■ **EXERCISE BRIEF**
Restate word for word only the lines running from the one with "Game of Thrones" to the end of the data, both ends included. Omit any pictures.

■ **DATA EXTRACT**
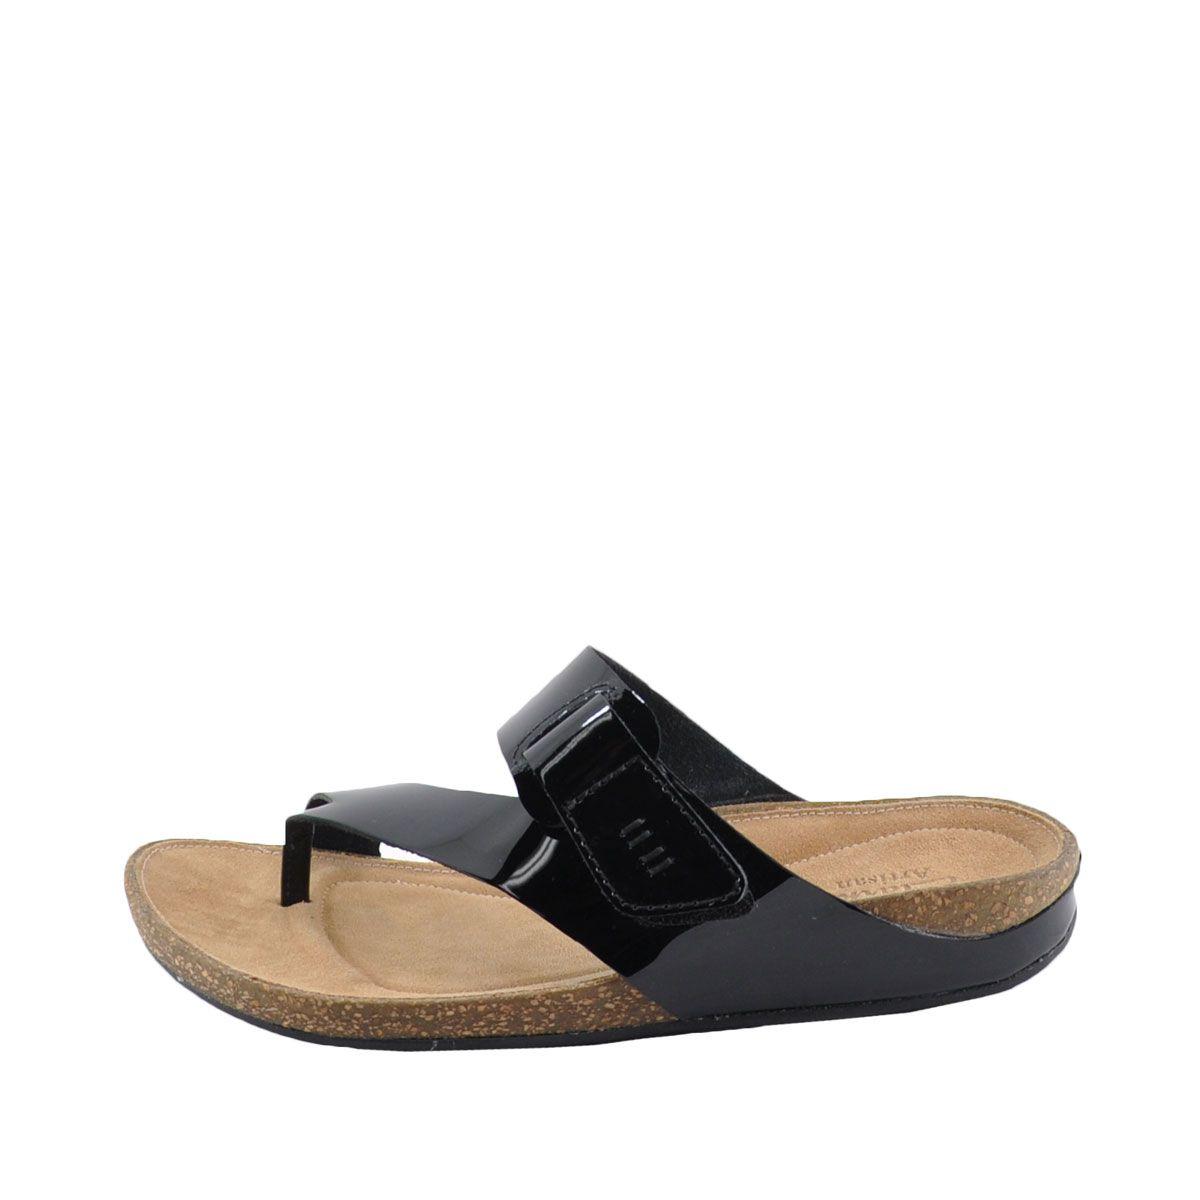 e97725008692 Clarks Women s Perri Coast Cork Sandals
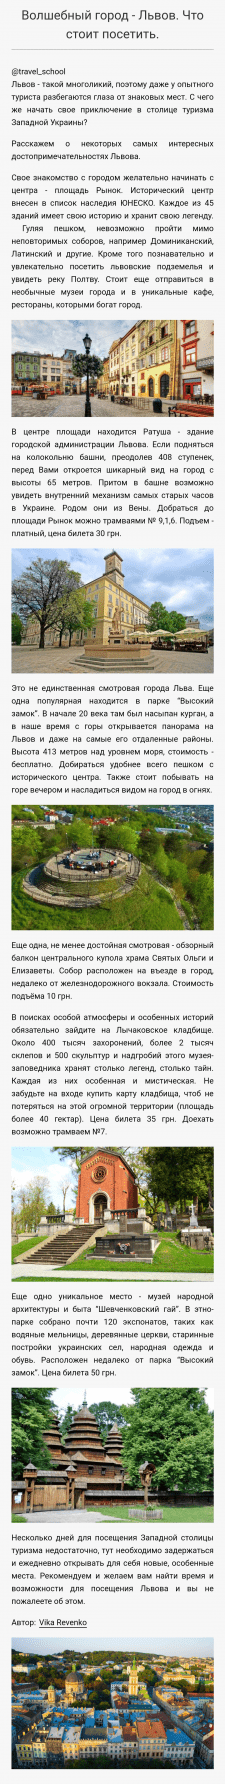 Город Львов: что стоит посетить?
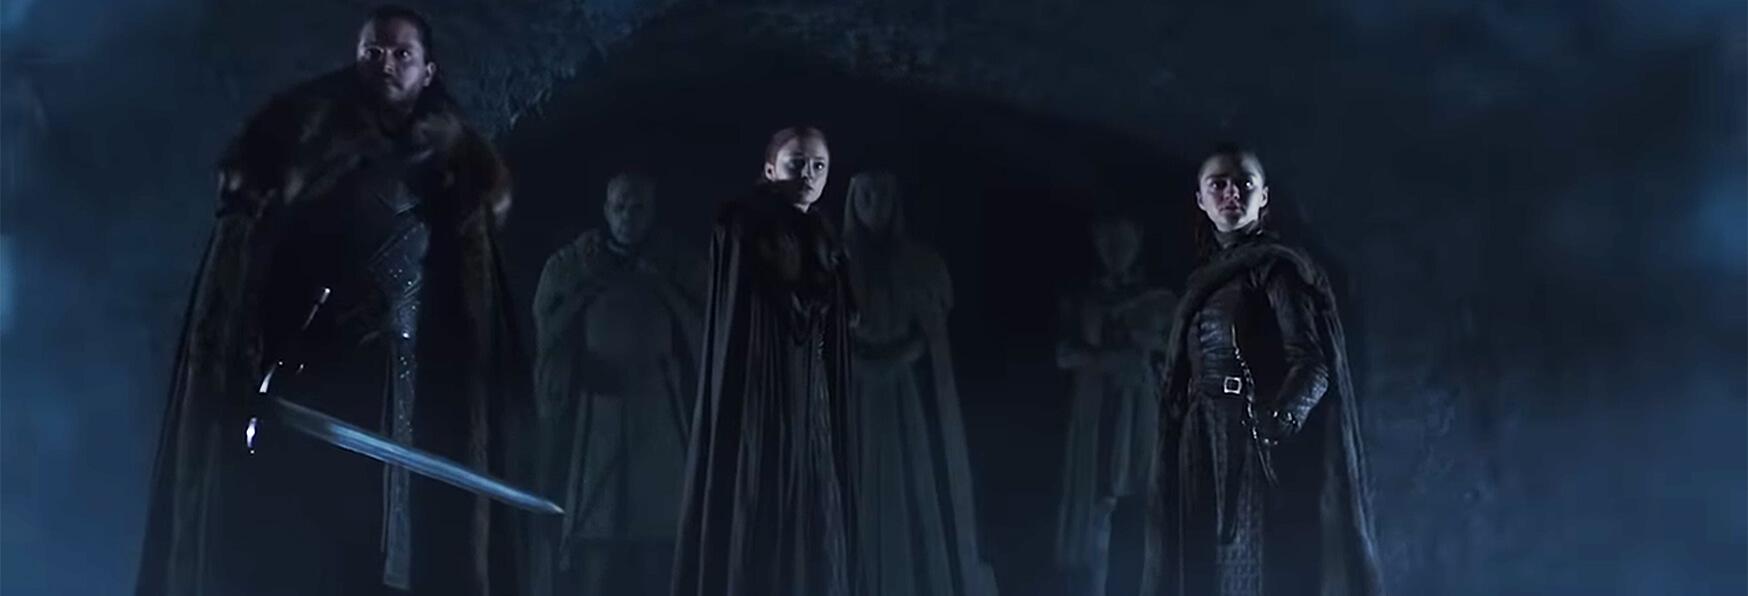 Game of Thrones 8 arriva il 14 aprile, rilasciato il Teaser
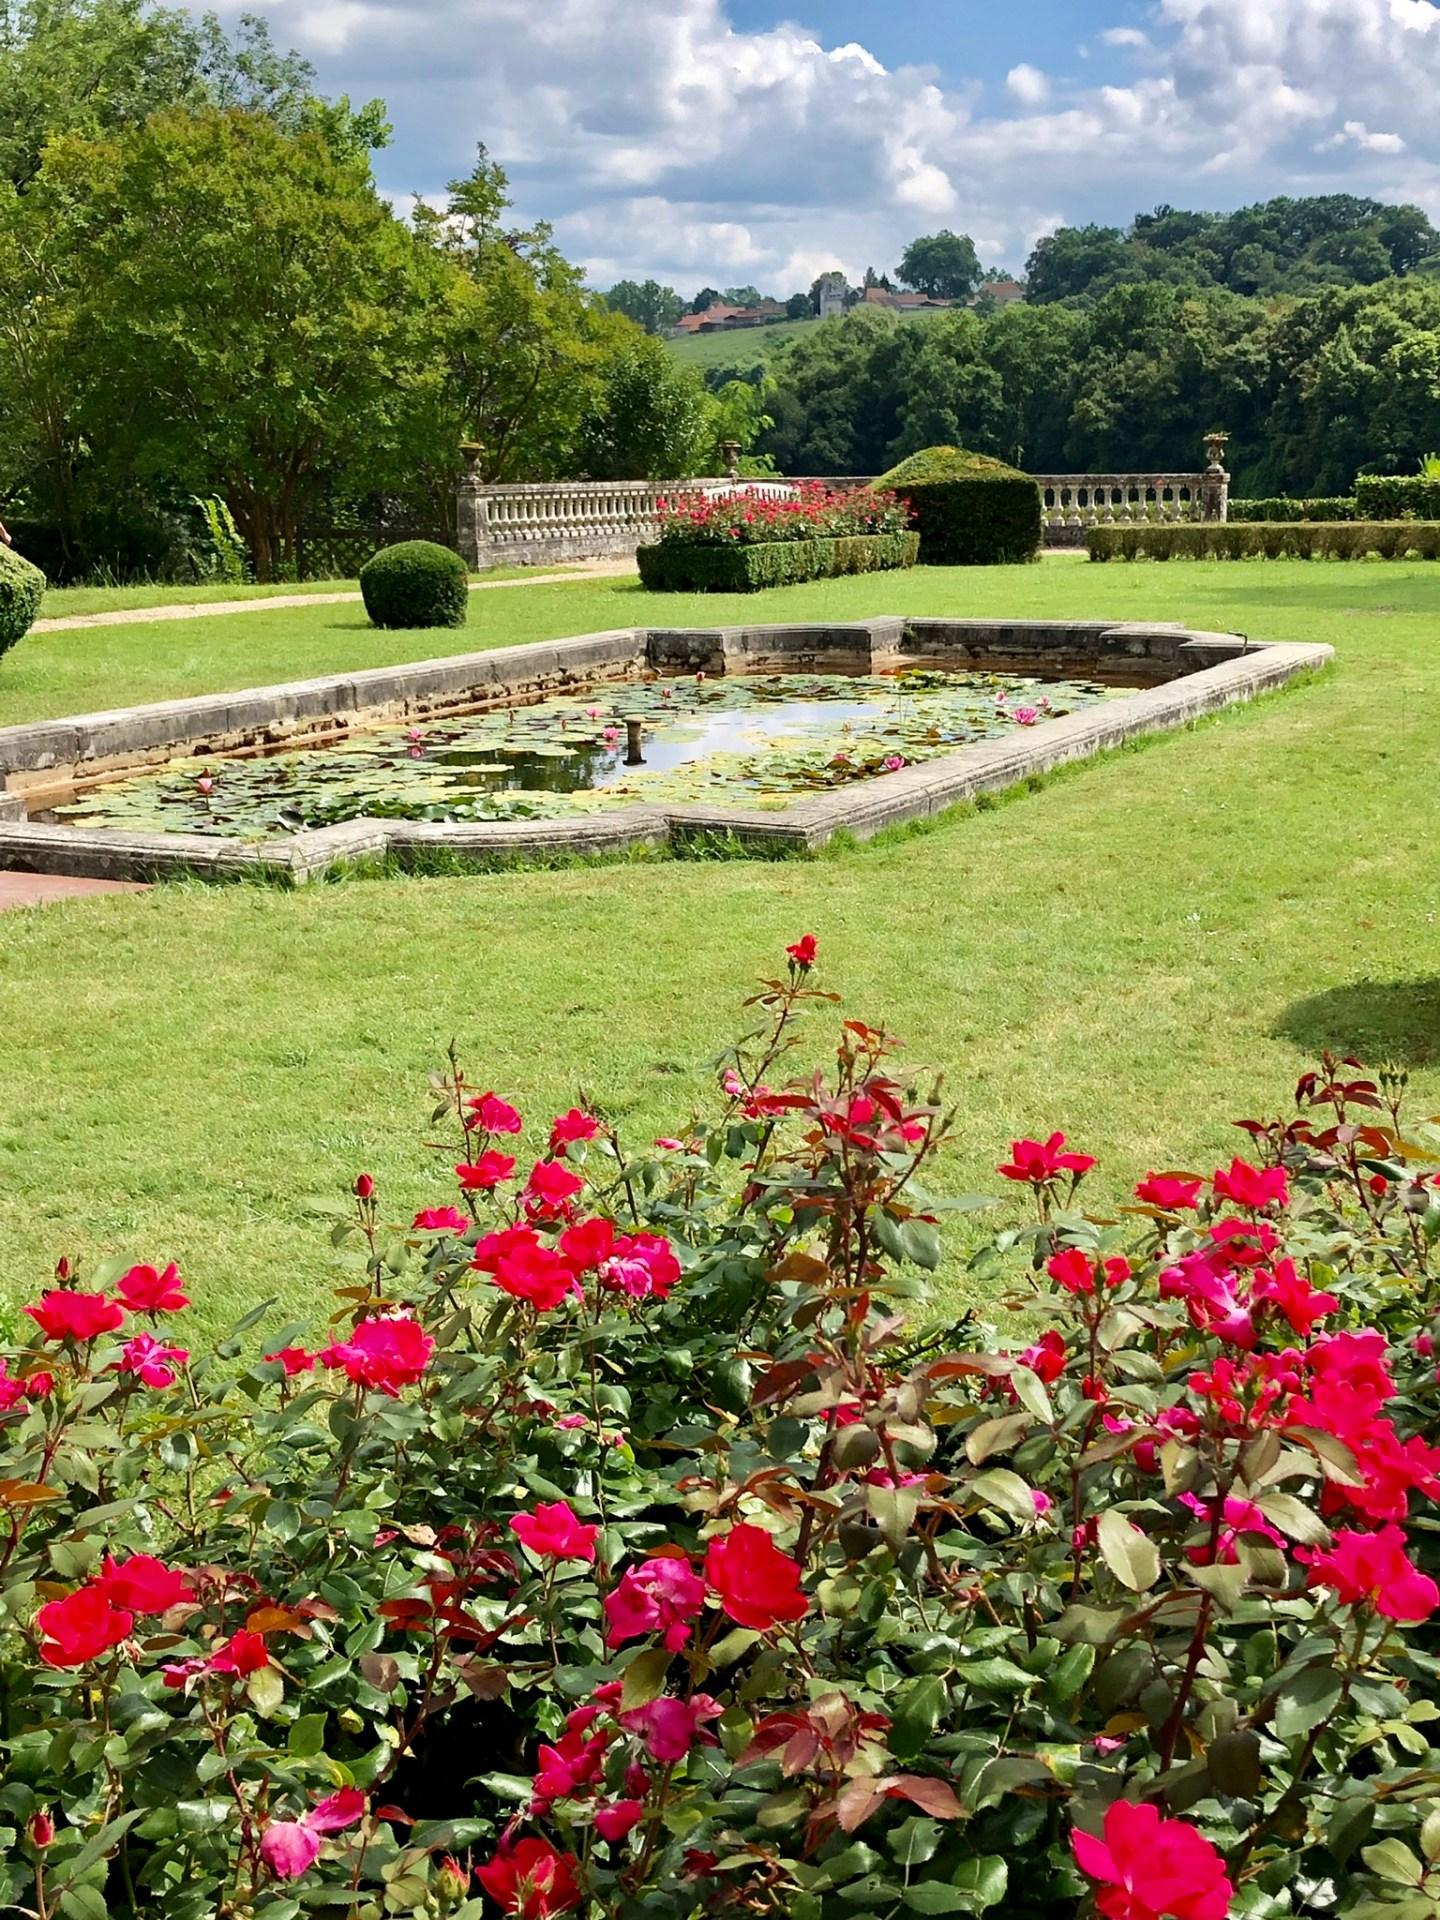 Château de laàs jardin

■ **EXPECTED ANSWER**
 Game of Thrones 8 arriva il 14 aprile, rilasciato il Teaser
 Château de laàs jardin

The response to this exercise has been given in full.